• Jack Applegame (10/10) Nov 21 2012 Why this could not compile?
• Jonathan M Davis (6/19) Nov 21 2012 ref is not part of a type. It's only a storage class, and it's only lega...
• Jack Applegame (6/6) Nov 21 2012 But sometimes ref becomes a part of type. For example "void
• bearophile (7/14) Nov 21 2012 In one case the function expects a pointer and in one case it
• Jack Applegame (2/5) Nov 21 2012 Of course. And it is mean that ref indeed is a part of type.
• Jonathan M Davis (6/12) Nov 21 2012 storage classes on function parameters affect the type of the function, ...
• Jack Applegame (1/9) Nov 21 2012 Ok.
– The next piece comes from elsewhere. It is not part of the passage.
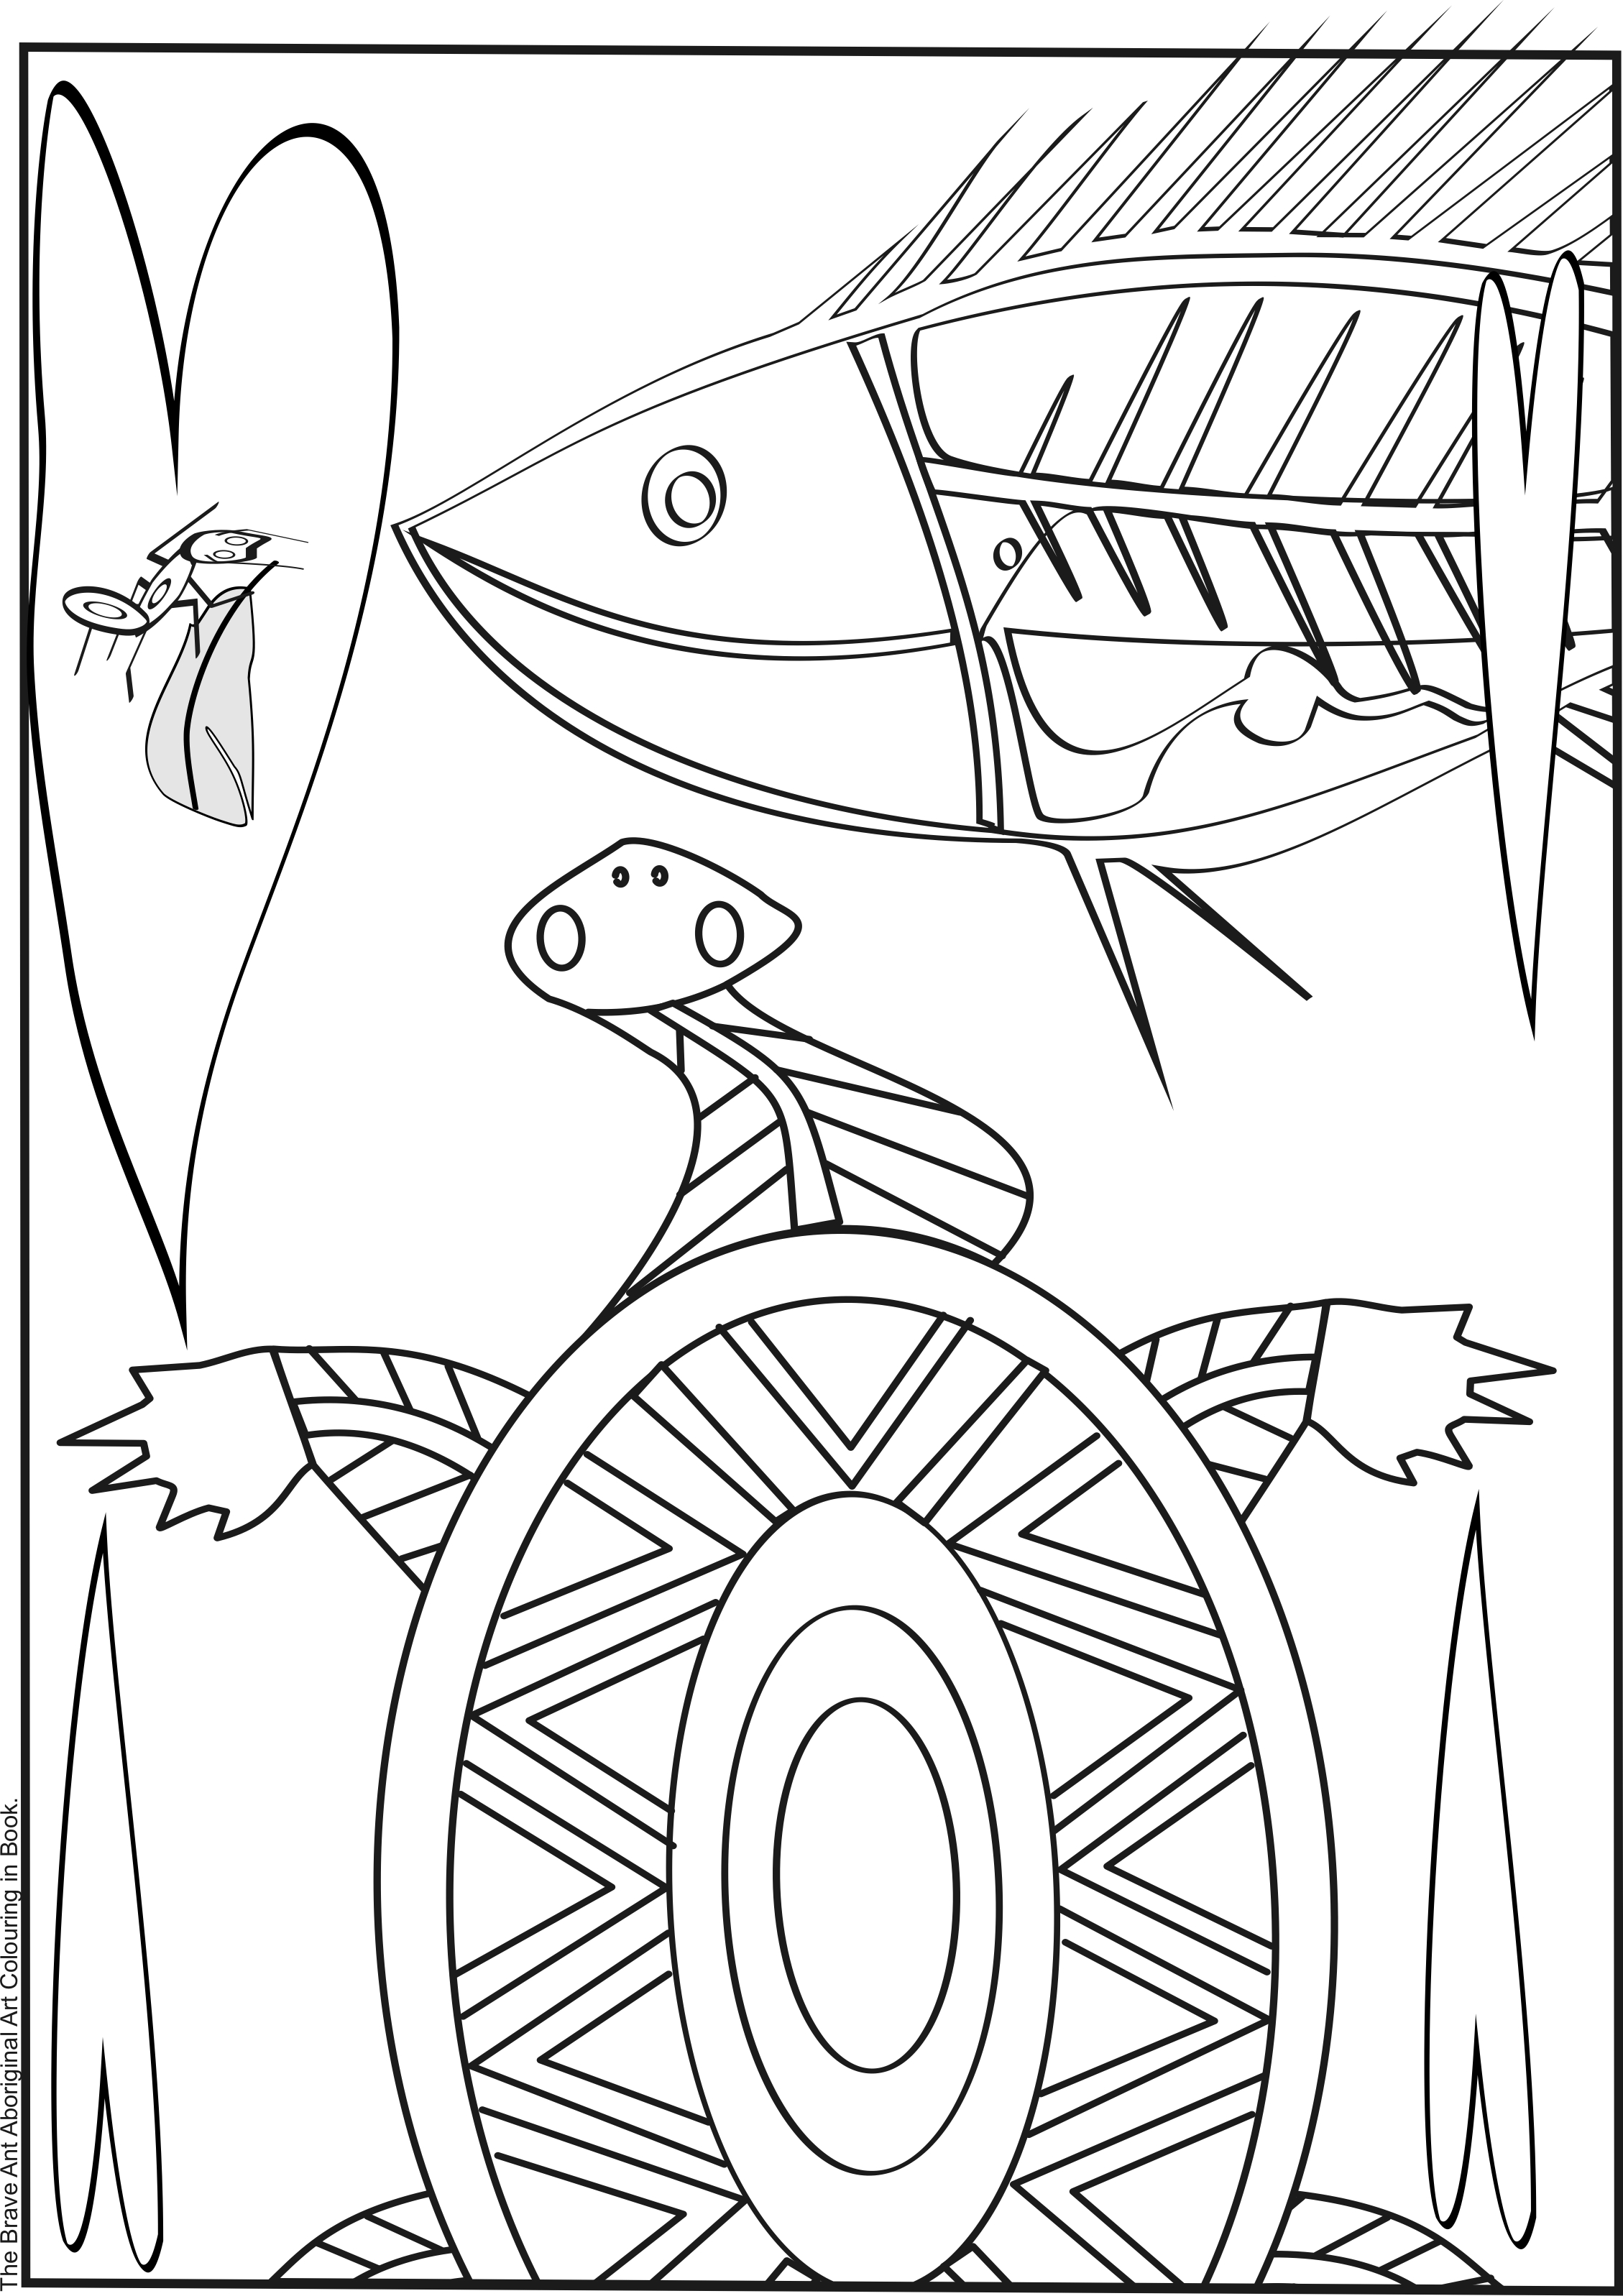 15-free-summer-coloring-pages-for-kids-prudent-penny-pincher-art-kk

But how to pass storage class to template?
• Jonathan M Davis (7/13) Nov 21 2012 That's because ref is being used on a function parameter. That gives the...
• Jack Applegame (8/8) Nov 21 2012 How to implement functor-like objects if ref is storage class?
• Regan Heath (15/22) Nov 21 2012 Hmm.. well I got past your initial problem, but I have a new one..
• Regan Heath (7/27) Nov 21 2012 Just realised what is happening here. "f.func = " is trying to call the ...
• Regan Heath (16/45) Nov 21 2012 Or not, duh! "A..." grr.
• Jack Applegame (12/22) Nov 21 2012 I think the best way is using @property.
• Jack Applegame (22/22) Nov 21 2012 Ugly C++ like template and mixin magic solution:
• Jack Applegame (21/21) Nov 21 2012 This problem appears also in std.signals.
• Andrej Mitrovic (5/20) Nov 21 2012 Known problem, no known proposals or solutions. But there are

"Jack Applegame" <japplegame gmail.com> writes:

Why this could not compile?

struct Foo(T) {}
Foo!(ref int) foo;

Output:

Error: expression expected, not 'ref'
Error: found 'int' when expecting ')' following template argument 
list
Error: no identifier for declarator Foo!(0)
Error: semicolon expected, not ')'
Error: found ')' instead of statement

Jonathan M Davis <jmdavisProg gmx.com> writes:

On Wednesday, November 21, 2012 11:55:53 Jack Applegame wrote:
 Why this could not compile?
 
 struct Foo(T) {}
 Foo!(ref int) foo;
 
 Output:
 
 Error: expression expected, not 'ref'
 Error: found 'int' when expecting ')' following template argument
 list
 Error: no identifier for declarator Foo!(0)
 Error: semicolon expected, not ')'
 Error: found ')' instead of statement

ref is not part of a type. It's only a storage class, and it's only legal on 
function parameters, return types, and foreach's loop variables. It's not 
legal on local variables or member variables or anything of the sort. So, ref 
int for a template argument makes no sense whatsoever.

- Jonathan M Davis

"Jack Applegame" <japplegame gmail.com> writes:

But sometimes ref becomes a part of type. For example "void 
delegate(ref int)" and "void delegate(int)" are different types. 
Is it possible to cast from one to another safely? For example:

void foo(ref int);
void function(int) fp;
fp = cast(typeof(fp)) foo; /// is it safe???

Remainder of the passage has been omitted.